I agree that's the definition of social reciprocity used in the diagnostics, and that a person shouldn't be excluded from them based on not having that kind of reciprocity.

However, it's open for debate whether that's truly the only valid definition of reciprocity, outside of the world of autism criteria

I find that confusing. The diagnostic criteria does not assert any particular definition of reciprocity.

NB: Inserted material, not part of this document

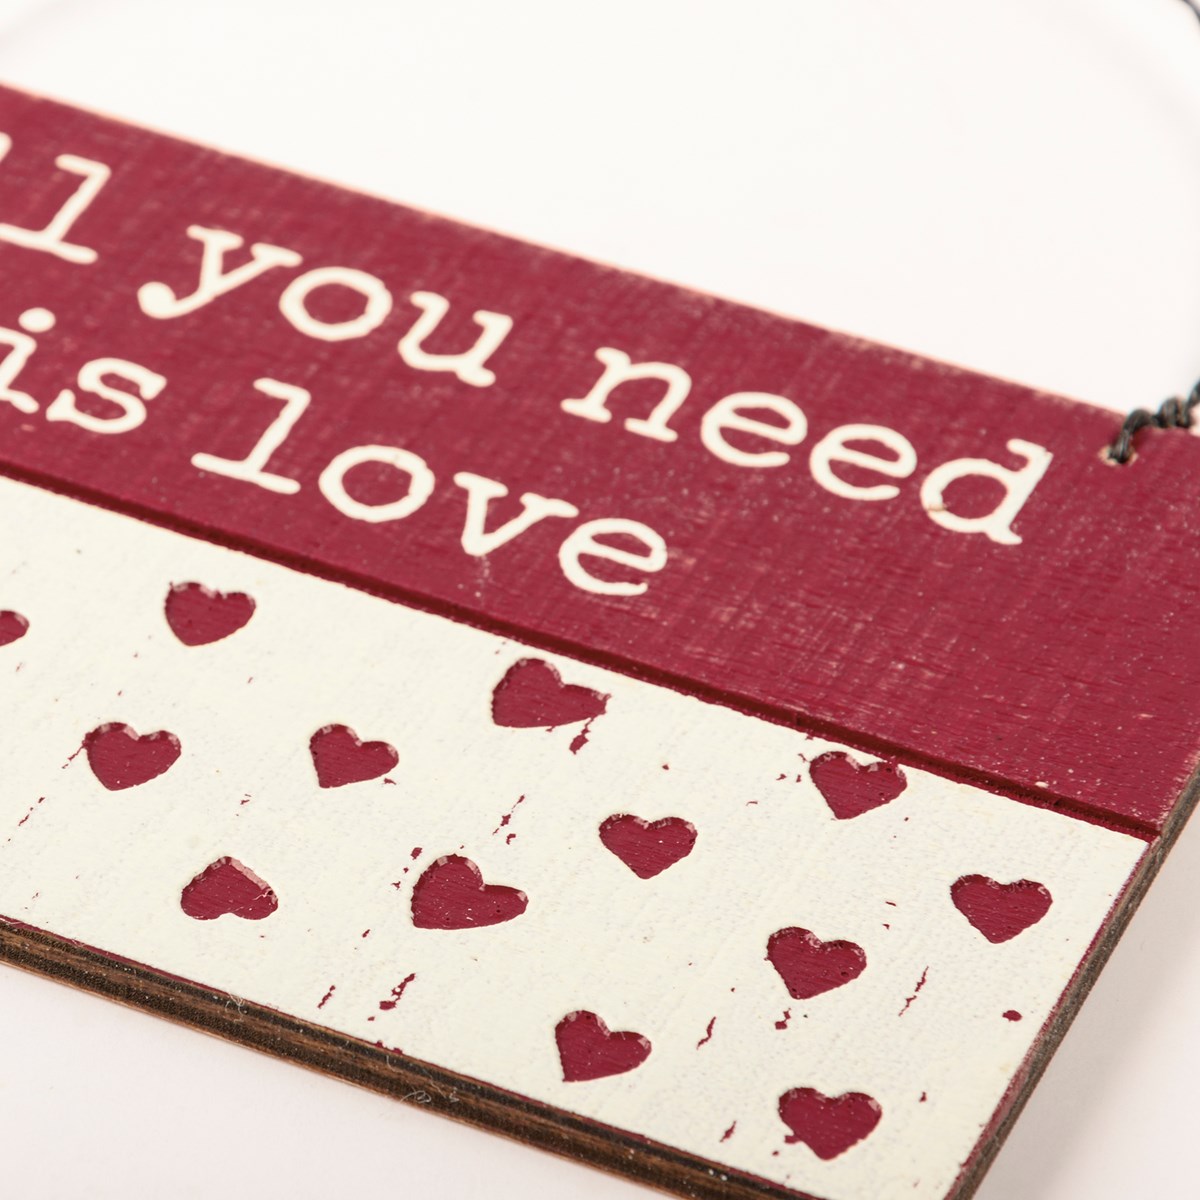 Slat Ornament - All You Need Is Love - 5" x 3" x 0.25" - Wood, Wire
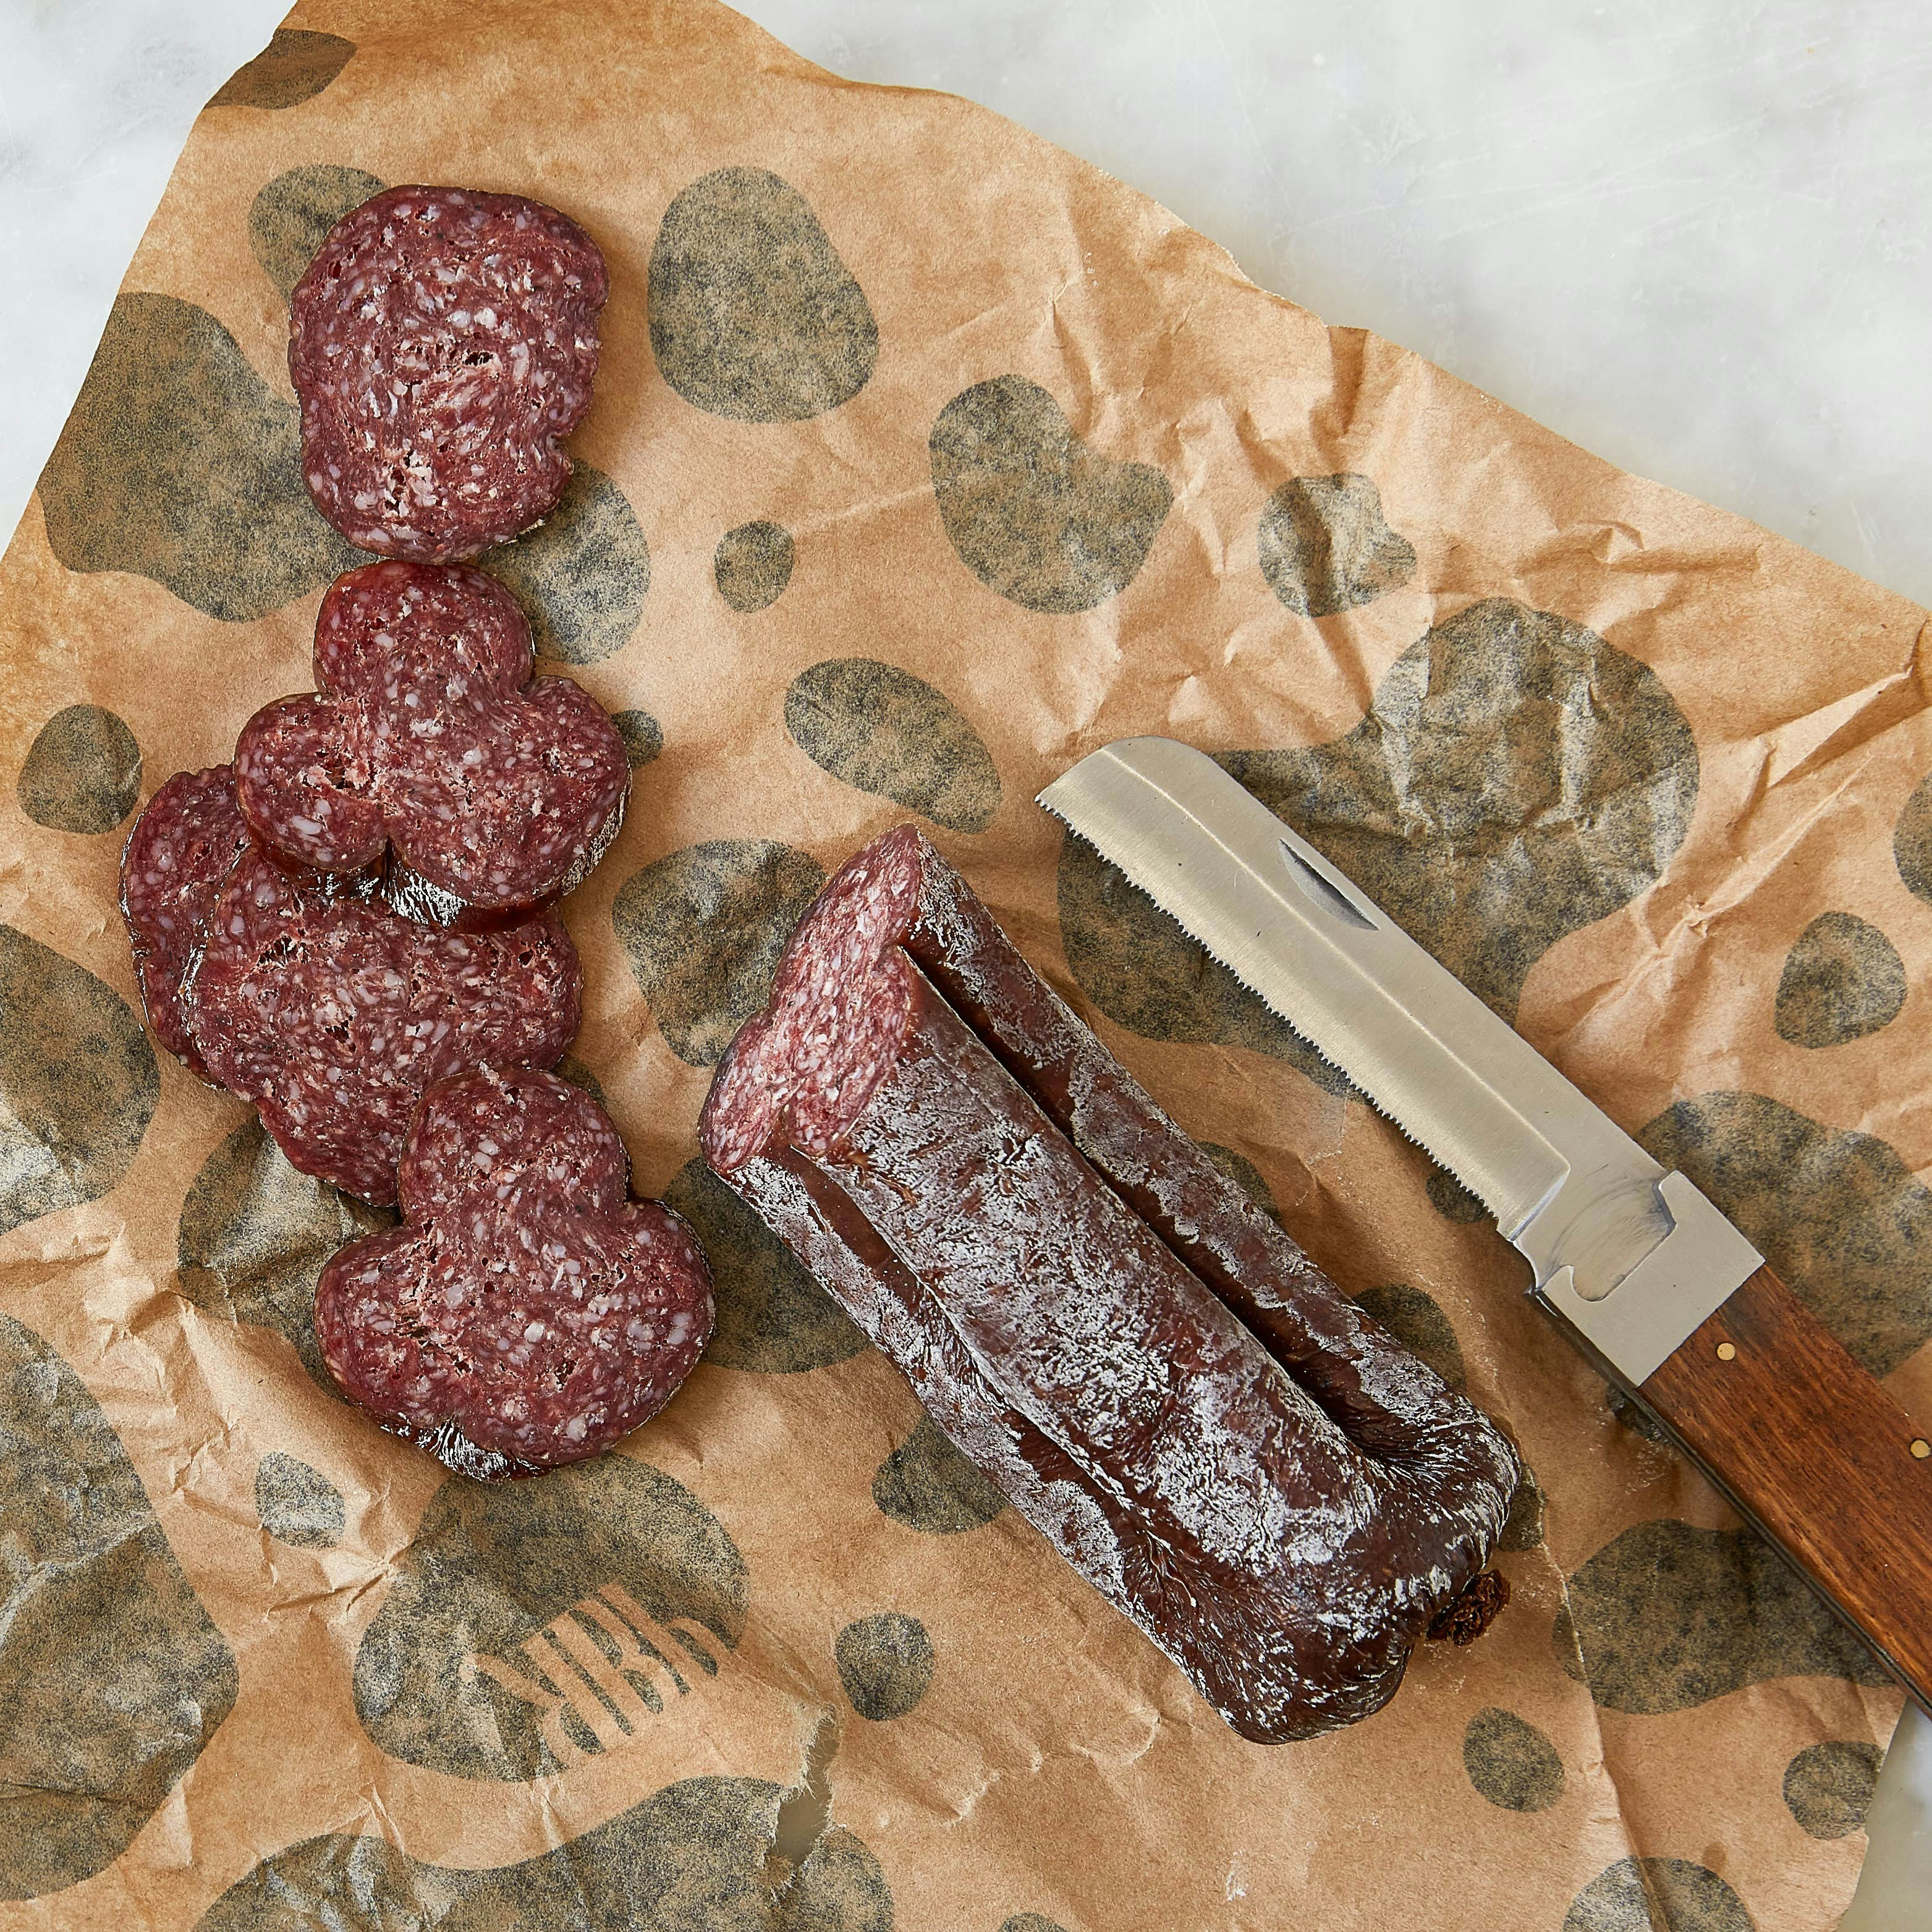 red bear tipsy cow beef brandy salami meats

It refers to impairments and deficits/lacks/developmental absences. It is typical for humans to be able to engage in conversation according to the culturally contextual rules of give and take that apply to the particular conversation. An inability to do so demonstrates a deficit in social reciprocity for a human. That does not entail that there are not other forms of social reciprocity, or to what extent a particular person engages in reciprocity of other kinds.

Quote:
(where many, many words are used in ways that are far more specific than most people mean them in, and sometimes different from the way even other parts of psychology use them -- often because when autistic people are found to have whatever trait, they do not take the criterion away, they just claim the trait has a whole new definition crafted specifically to attempt to exclude autistic people from having it).

I think this arises from two broad problems. Firstly comprehension/knowledge, secondly framing. Knowledge about autistic spectrum disorders is far from perfect, and entirely framed as per each persons perspective, in presentation, dissemination and reception.